Petz (Dogz and Catz) is a series of games dating back to 1995, designed by Adam C. Frank and Ben Resner. The player can adopt, raise, care for and breed their own virtual pets. The original Petz has sold over 3 million copies worldwide, and the brand has grown to over 22 million copies since coming under Ubisoft.
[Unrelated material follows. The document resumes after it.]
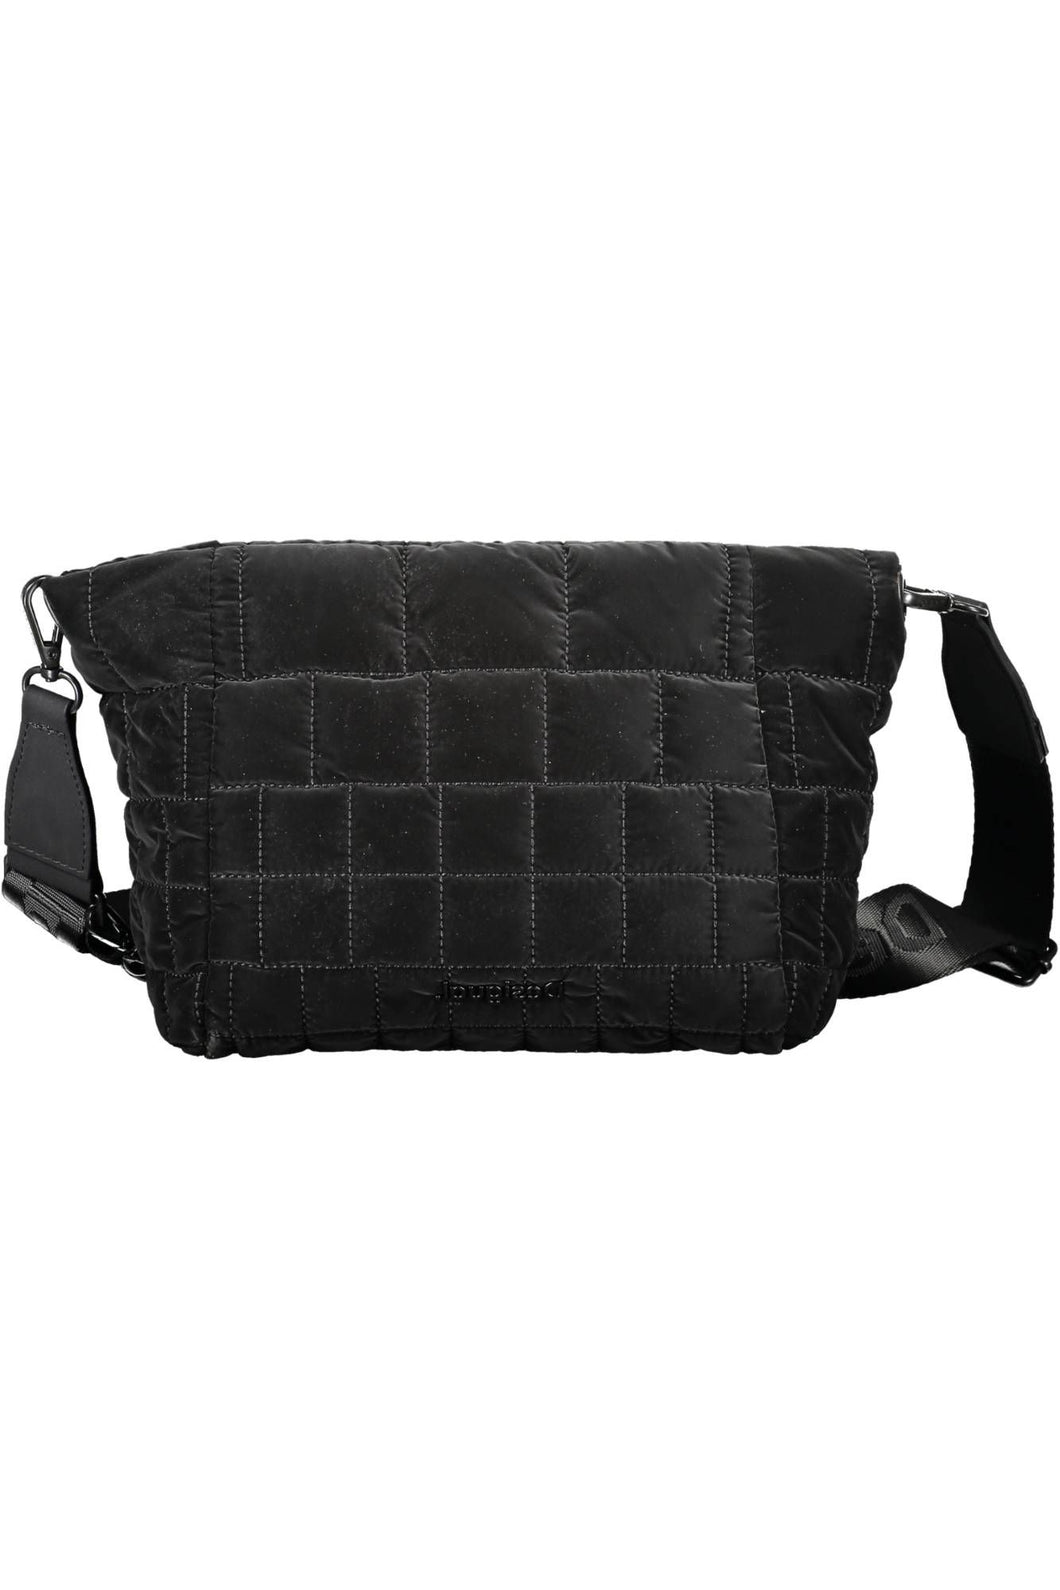 Desigual Black Polyurethane Handbag

The player starts at the Adoption Center and chooses a Dogz or Catz to adopt of a Breedz and gender of their choice. Once the player has found a Petz, the user can adopt and name the new Puppyz or Kittenz. After around three days (real time) the Petz become adults. Adult Petz can then breed and have Kittenz or Puppyz of their own in Petz 3, Petz 4, and Petz 5. Cross-breeding can create different types of Petz, called 'Mixed Breeds'.

=== Oddballz ===

Oddballz is a virtual pet game created by PF.Magic in 1996 as an alternative to their Dogz and Catz titles. The game had 13 creatures that could be cared for. Along with the creatures, the game has various objects ('toyz') that the player and Oddballz can manipulate. Toyz have different uses ranging from playing to disciplining.

=== Babyz ===

Babyz is a computer game in which one can play with and take care of a group of babies who live in a virtual house on the computer. The game was released in 1999 by The Learning Company, developed by members of PF.Magic working there at the time.